Compilers are aware of this and insert padding between variables and fields to ensure that each field starts at an address with correct alignment for its particular data type. This padding consumes cache space, and this waste can often be avoided or minimized by careful ordering of structure members. Consider this example:
struct record { char a; int b; char c; };
Assume that char is a 1-byte data type and int is a 4-byte data
type. The compiler will then lay out data three bytes of padding
between fields a
and b
to ensure
that b
is stored at an offset that is a
multiple of 4.
If you move the field a
after b
the alignment requirements of all
fields can be satisfied without an padding.
struct record { int b; char a; char c; };
You can of course count offsets into the structure yourself and assure all fields get proper alignment without any padding, but a simpler way to ensure that there is no unnecessary padding is to simply sort the fields by their alignment requirements.
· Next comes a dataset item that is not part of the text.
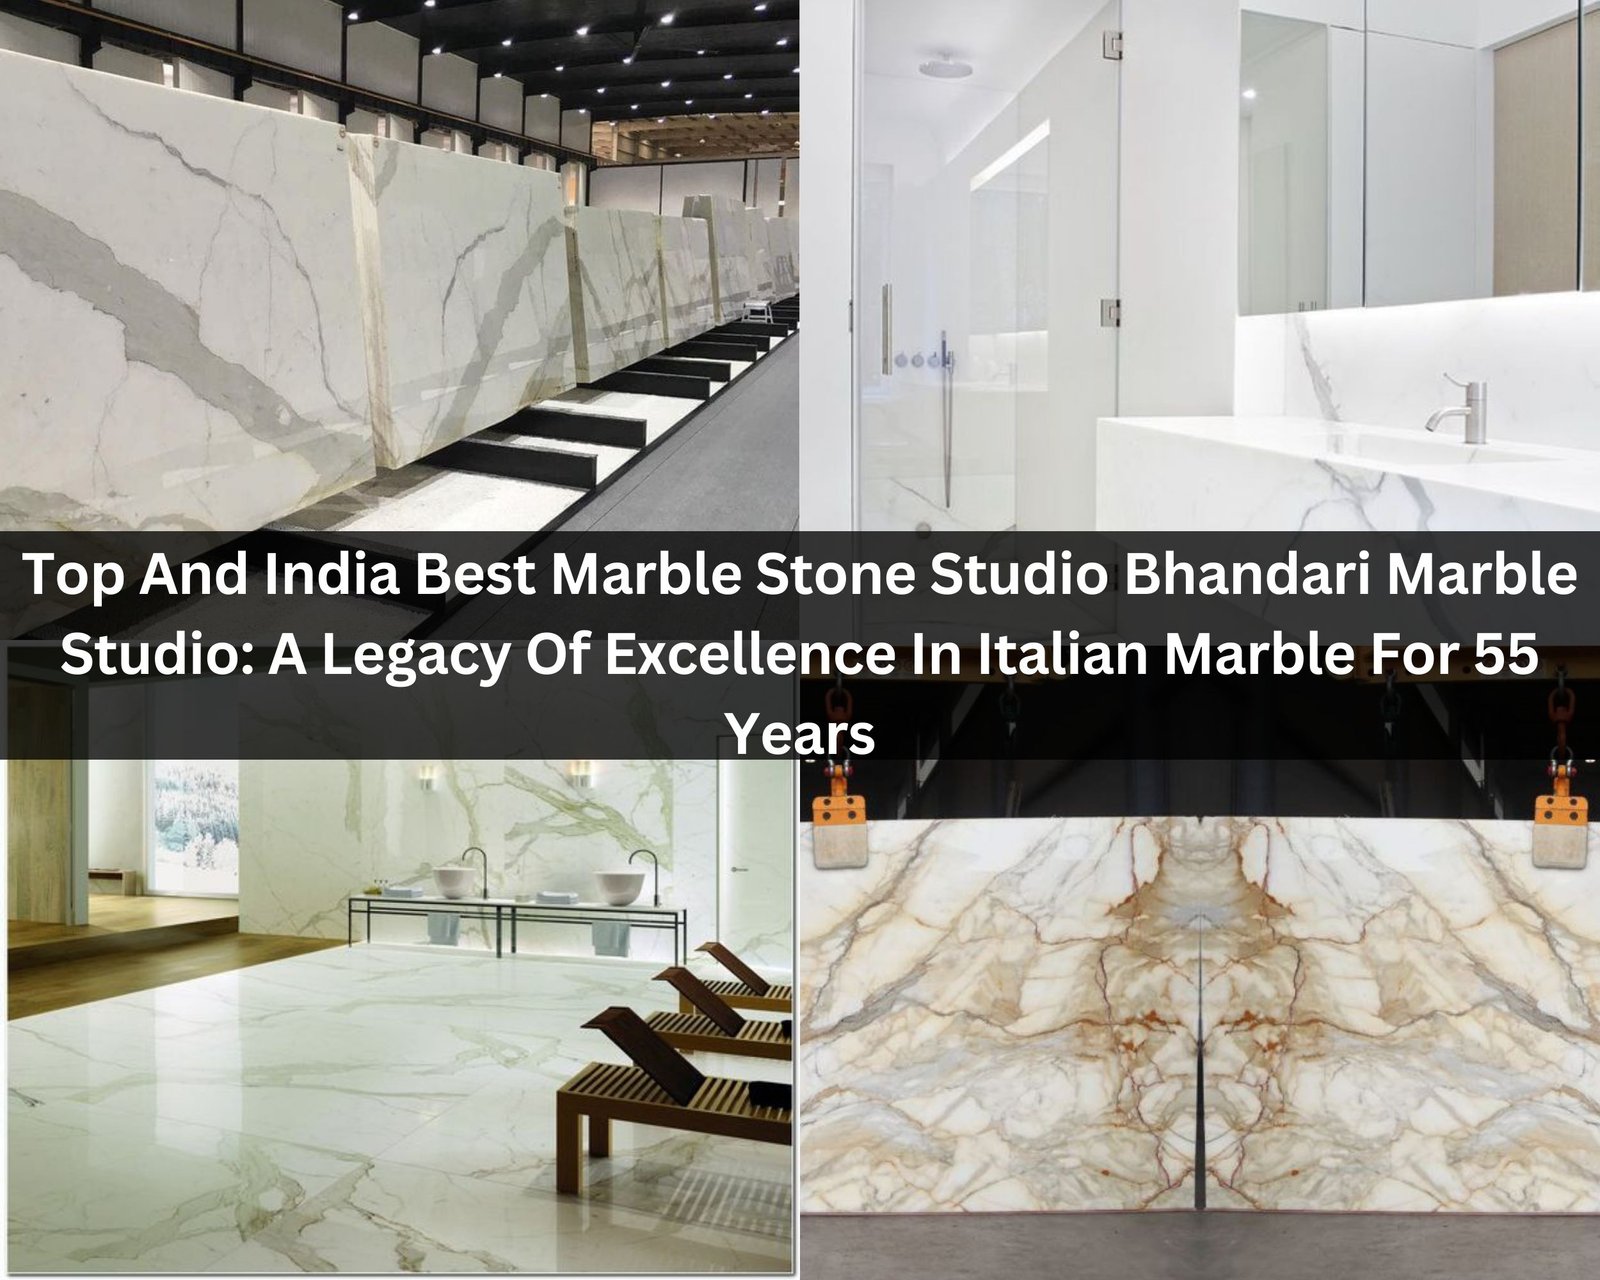 Top And India Best Marble Stone Studio Bhandari Marble Studio: A Legacy Of Excellence In Italian Marble For 55 Years
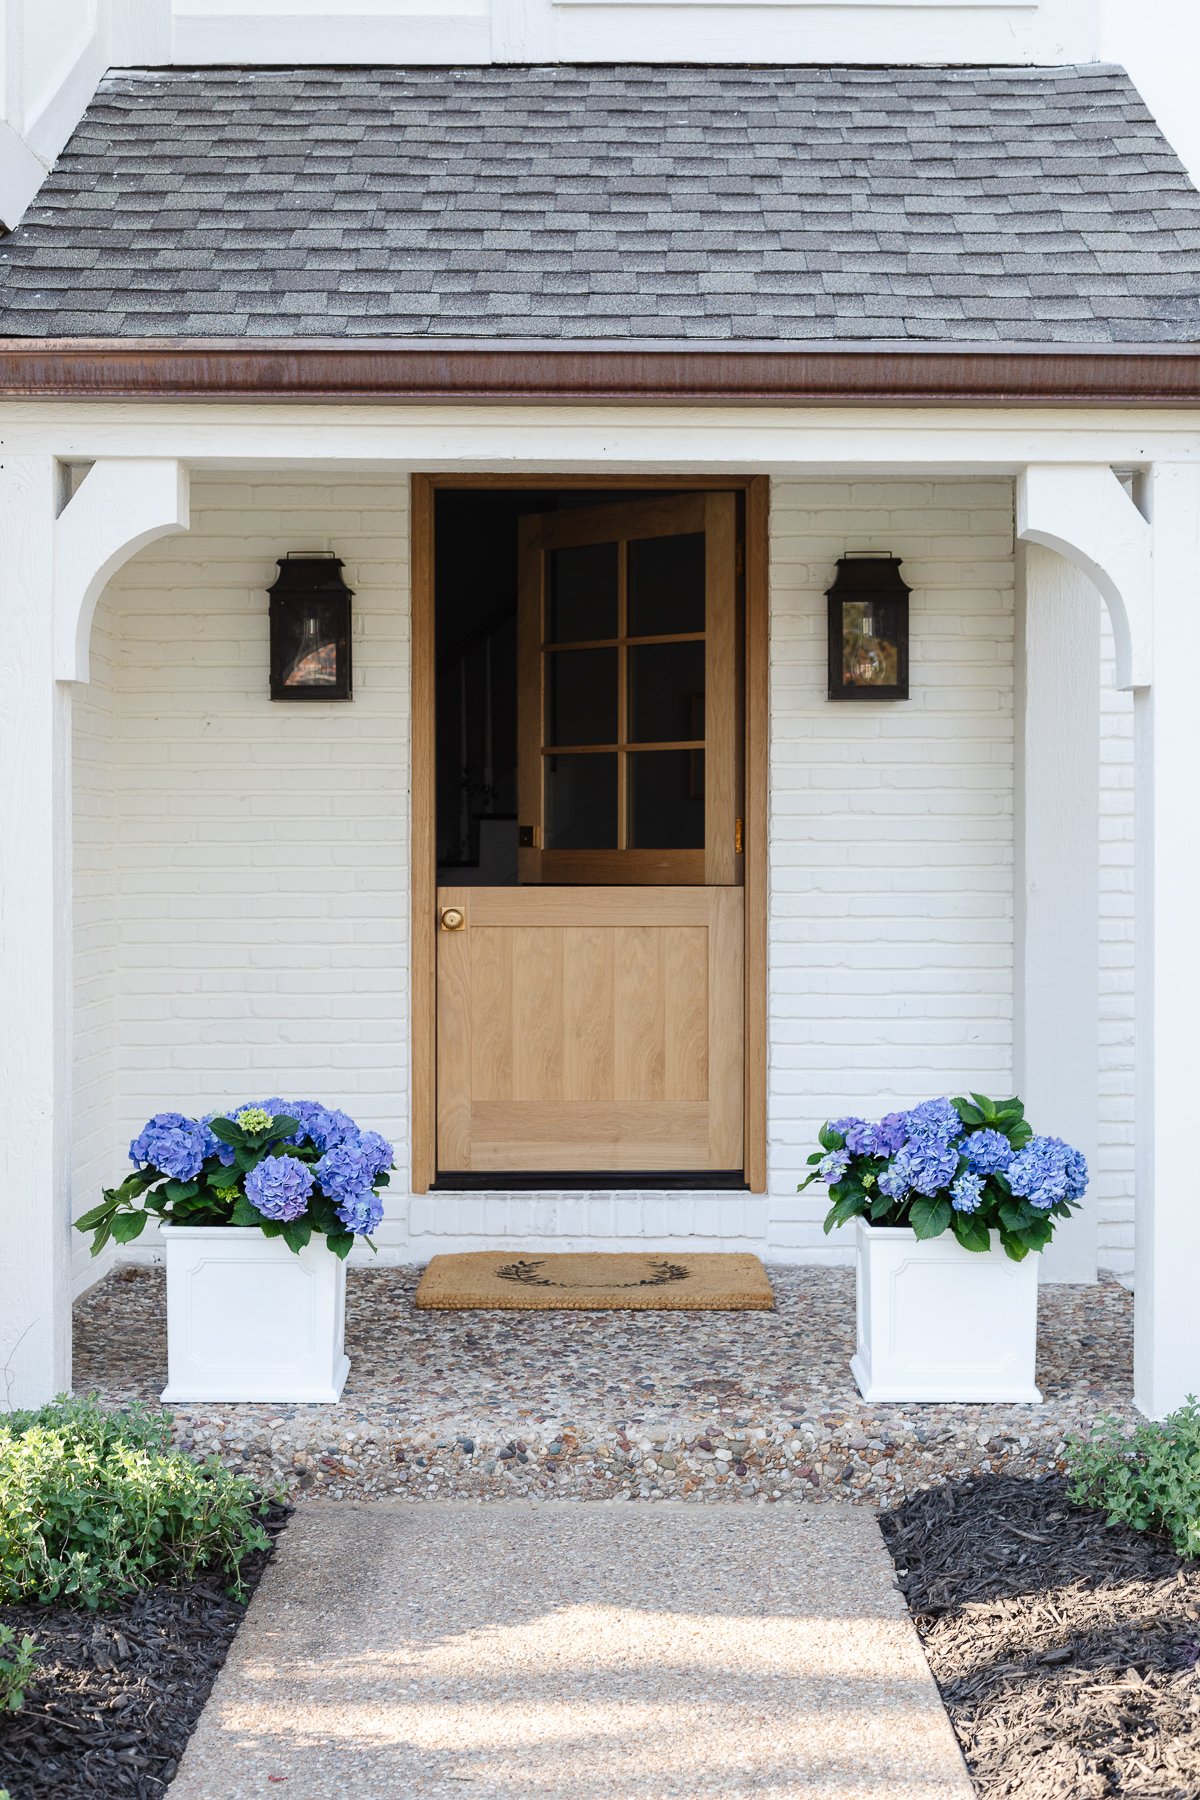 A white brick house with a wooden Dutch door and white planters on the spring porch, filled with blue hydrangeas.

Start with the fields with the greatest alignment requirements and then continue with the fields in declining alignment requirement order.
If your structure is so large that it uses more than one cache line you may however want make sure that the most commonly used fields are close together, so that you avoid mixing frequently used fields and rarely used fields as described in Section 5.1.1, “Partially Used Structures”.
We have now eliminated the internal alignment padding in the structure. However, there is also an alignment requirement on the structure as a whole. Consider this example where an array of structures is created:
struct record { int b; char a; char c; }; struct record v[1000];
The structure may, for example, require 8-byte alignment. Since the structure is 6 bytes large, the compiler has to insert 2 bytes of padding between each structure in the array to ensure alignment.
External alignment like this is harder to avoid than internal alignment. One way may be to break out less frequently used fields as described in Section 5.1.1, “Partially Used Structures”.
If the processor does not strictly require alignment but simply prefers it for better performance, like, for example, x86 processors, the compiler may provide pragmas that you can use to tell it to not insert any padding. The performance increase from reduced cache misses may outweigh the cost of the unaligned memory accesses.
Using unaligned structures like that may however cause other problems, for example, shared libraries compiled with such pragmas may be incompatible with code compiled with other compilers.
Many implementations of standard memory allocators reserve extra housekeeping data adjacent to each piece of allocated memory. This data is typically only used when allocating and deallocating the areas, and is unused for the larger part of the application execution.
If many small memory allocations are done by the application a significant part of the cache lines can be occupied by this housekeeping data. Consider an application allocating 32-byte structures with a memory allocator that allocates 16 bytes of data for housekeeping:
This problem can be avoided by avoiding allocating many individual objects. If you need to allocate 1000 objects, allocate an array with 1000 objects instead of allocating 1000 individual objects.
You may even want to consider implementing your own custom memory management. It could allocate a sizable chunk of memory, and then hand out memory regions within this block. This way the overhead is kept at a minimum.
There are also alternative memory allocation packages available that allocate their housekeeping data in a different memory region than the allocated memory to avoid this kind of problem.
Dynamic memory allocation may also spread allocated memory regions over the heap causing random access patterns, see Section 5.2.2, “Random Access Pattern”.